Es ist an der Zeit, eine Generationendiskussion zu führen. Ja, die 80-jährigen Imperialist*innen sind vielleicht in ein paar Jahren tot, aber das Problem der alten Generation, die die schnelle, globalisierte, verwobene Welt nicht versteht, die die Zusammenhänge zwischen Europäischer Verantwortung und Schuld, Humanismus und Kolonialismus, Vorreiter- und Ausbeuterrolle nicht ziehen wollen oder können, bleibt. Europa wird älter. Es ist daher beinahe zukunftsvergessen und definitiv mehr als blauäugig, eine “Ach-das-wird-schon-alles-wieder-gut”-Einstellung anzunehmen. Nein, es wird nicht wieder gut, es wird schlimmer, wenn wir nicht begreifen, dass dieser Generationenspalt nicht nur jetzt gerade existiert, sondern sich weiter öffnen wird, dass wir, die jetzt Jungen, Linken, Guten, irgendwann die Alten, Trägen, Nostalgischen, Nicht-verstehenden sein könnten. Genau damit muss sich jetzt auseinandergesetzt werden. Woher kommt dieser Spalt? Wann wurde die Welt zu schnell? Warum fühlen sich die Alten abgehängt, ohne Verständnis und ohne Menschen, die erklären?

Es ist an der Zeit, eine Debatte über ländliche Räume und ihr Spannungsverhältnis zum anderen Extrem Stadt zu führen.
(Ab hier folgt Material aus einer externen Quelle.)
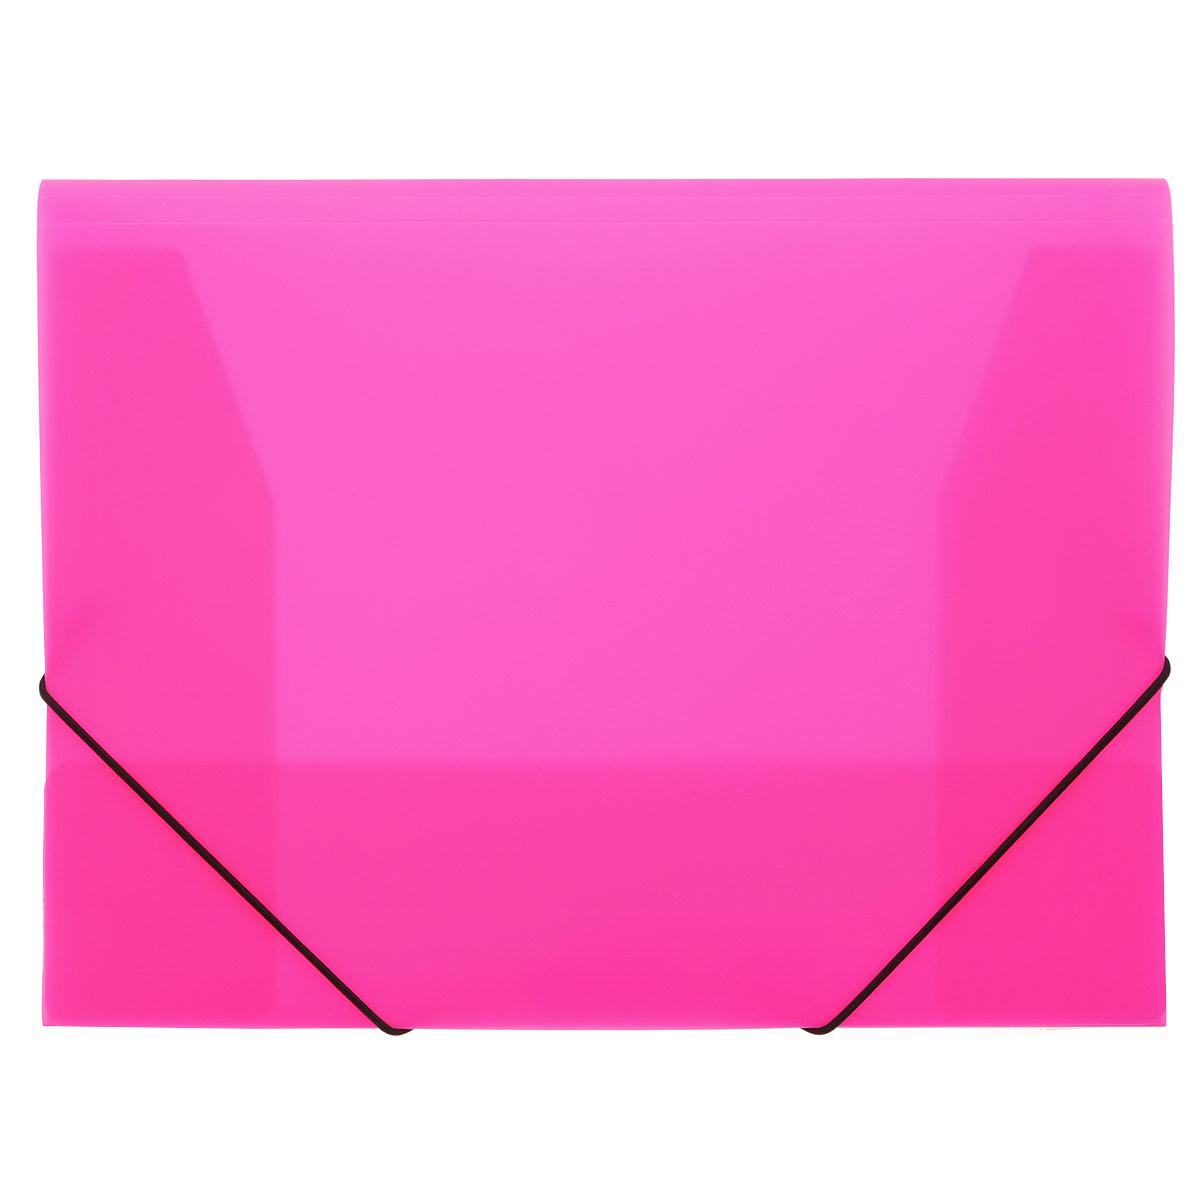 Папка на резинках Erich Krause, цвет: розовый. Формат А431018Практичная папка на резинках Erich Krause пригодится в каждом офисе для хранения документов. Папка выполнена из пластика и надежно закрывается с помощью двух эластичных угловых резинок. Папка с тремя клапанами надежно сохраняет документы от повреждений и пыли. Вмещает большое количество документов Благодаря использованию качественных материалов, безупречных технологий обработки и высокой функциональности, эти стильные изделия выдержат даже самый напряженный рабочий день.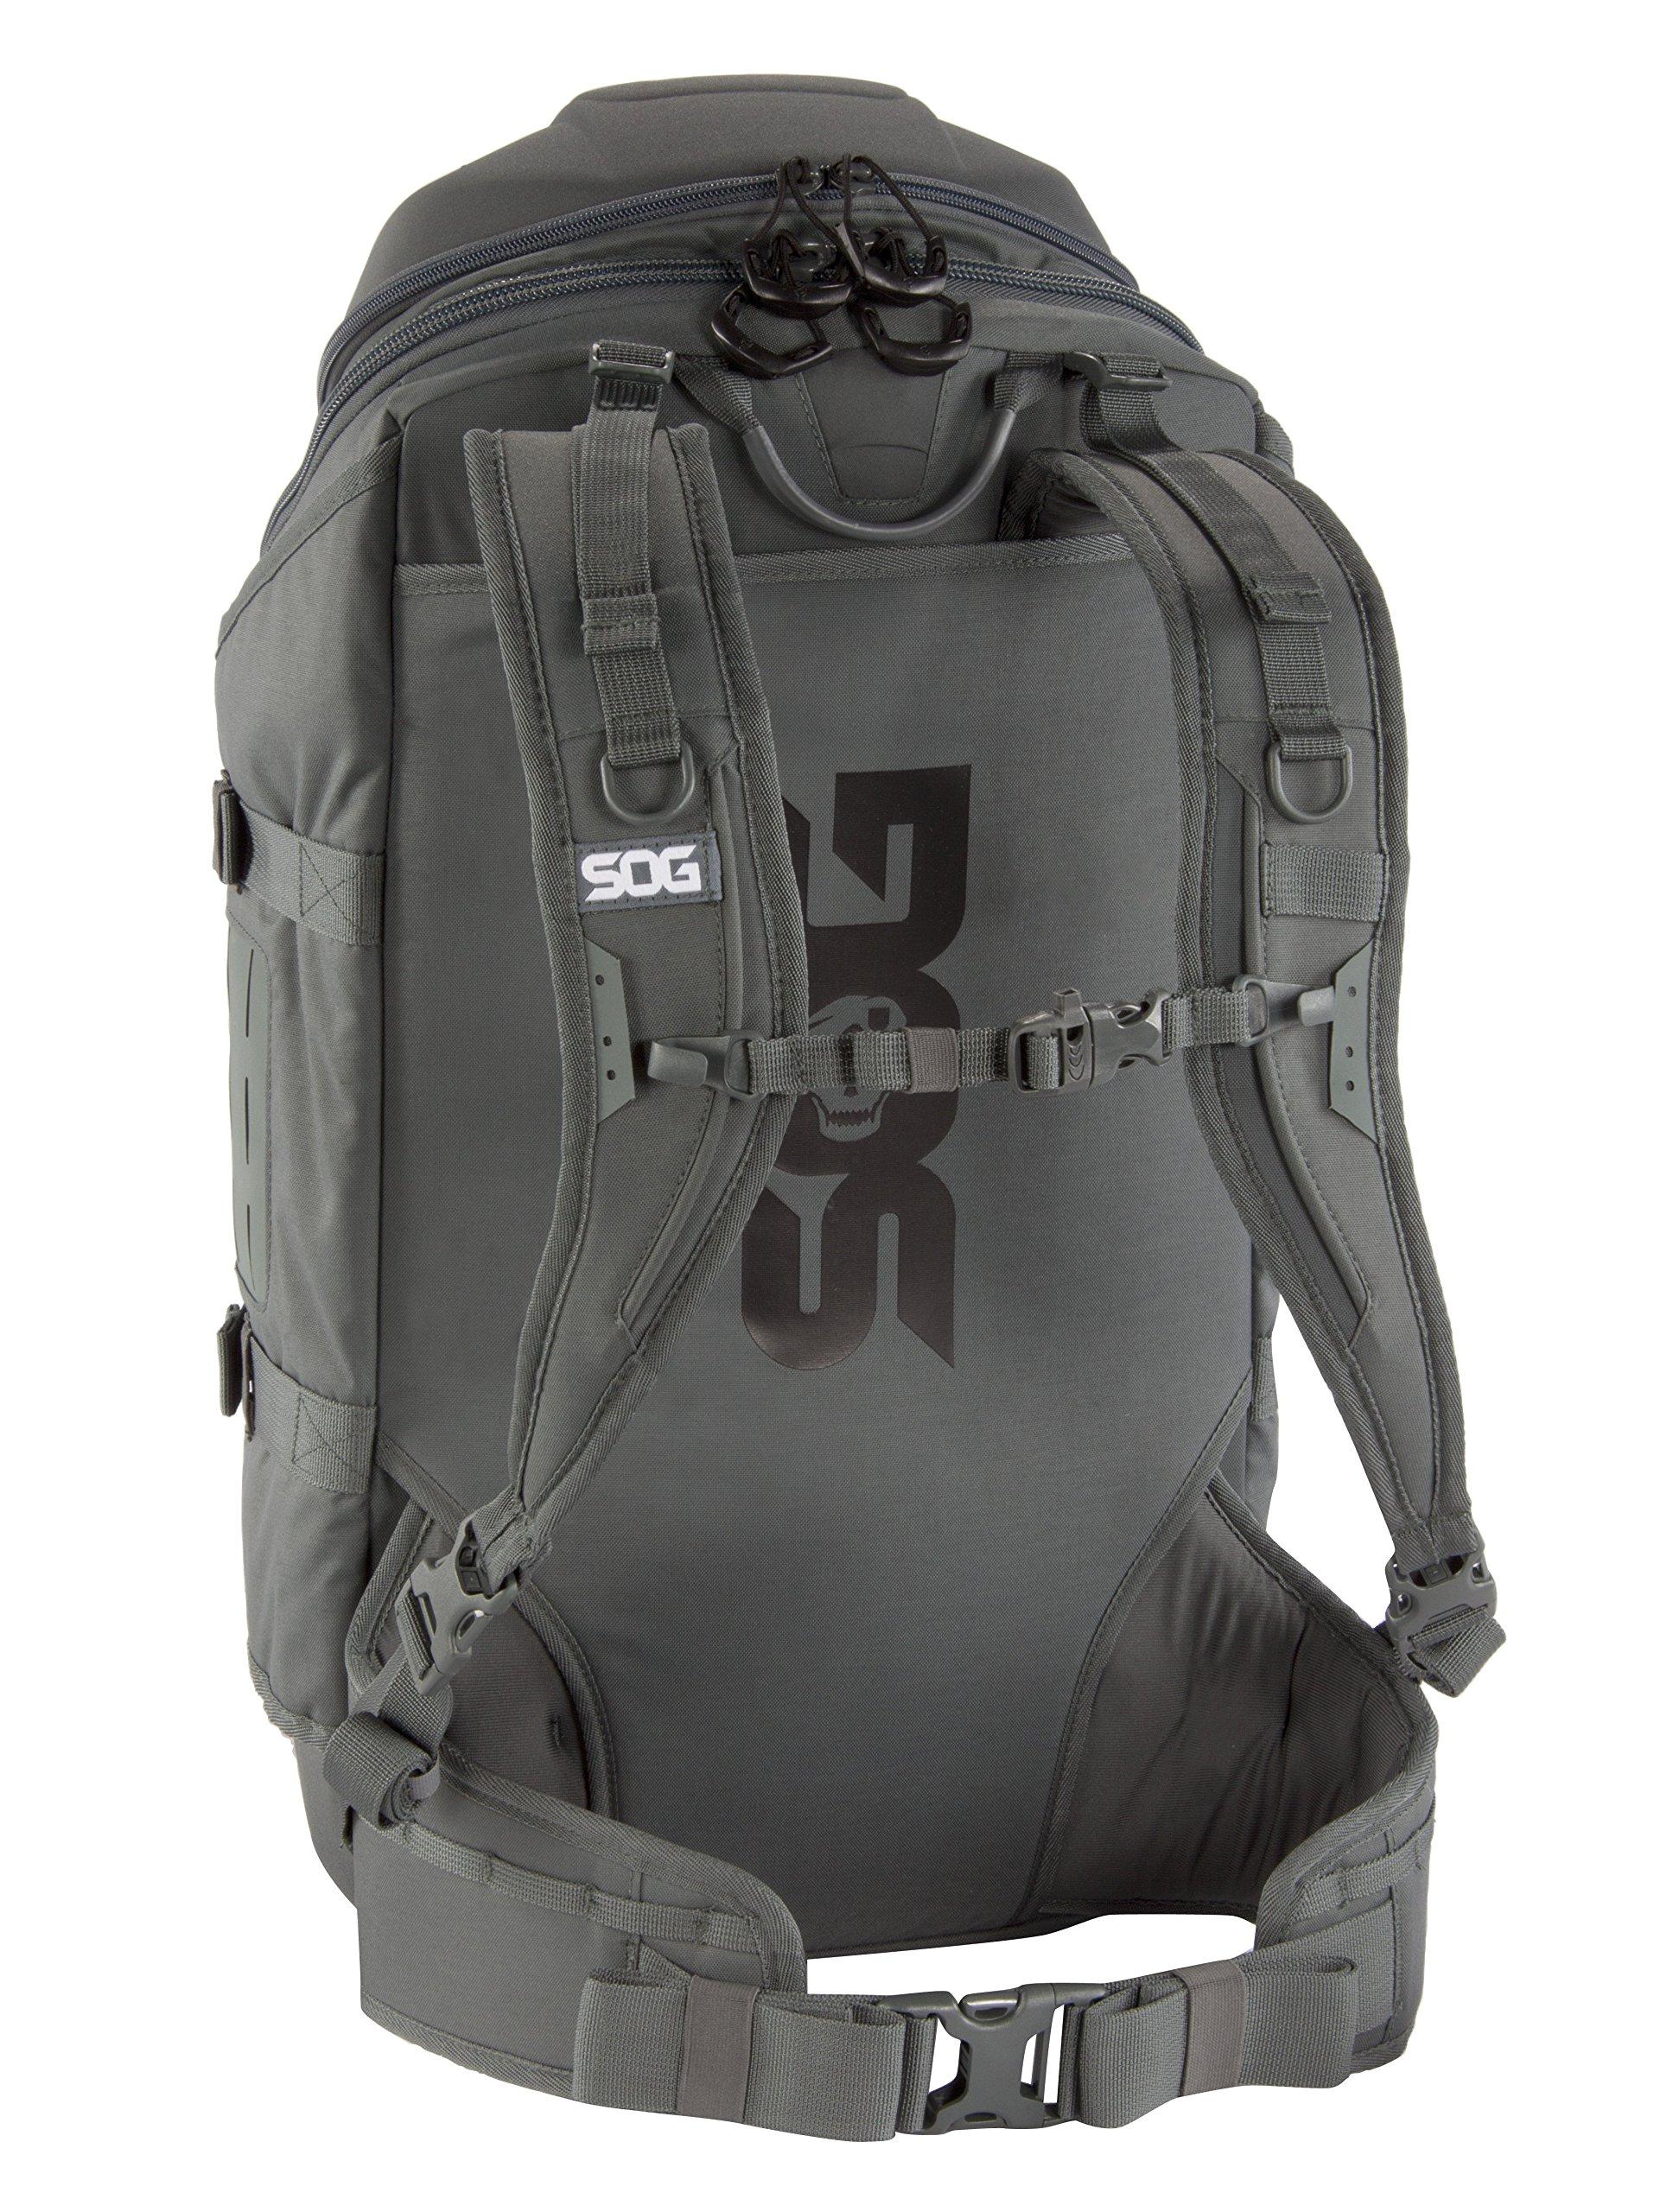 SOG Prophet Backpack CP1005G Grey, 33 L by SOG (Image #2)

Wir leben in einer Zeit, in der Städte diverse, multikulturell, aufgeklärt, offen, alternativ sind. In der Stadt spielt die Musik, das Land wird zur bildungs- und lebensarmen Einöde. Auf der Insel dreht sich alles um die Metropole London, die Universitätsstädte Oxford und Cambridge bilden die aus, die später in der City das Sagen haben. Andere Städte spielen nur noch untergeordnete Rollen. Cottages, die Idylle des ländlichen Raumes existieren vielleicht bei Jane Austen, während ihre Realität langsam verfault, zusammen mit ihren ausharrenden Bewohner*innen. Der*die Städter*in schaut auf die Pampa, die Einöde, das Dorf, das Nichts herab: Schön, dass ich, meine Eltern, meine Großeltern,… es rechtzeitig vor dem Absterben geschafft haben da wegzuziehen. Dialog und gemeinsame Teilnahme an einer Gesellschaft findet kaum statt. Trotzdem oder genau deshalb, diese Fragen müssen gestellt werden: Wieso sind unsere Lebensrealitäten und Weltbilder so sehr verschieden? Woher kommt diese Divergenz? Und wie werden wir sie wieder los?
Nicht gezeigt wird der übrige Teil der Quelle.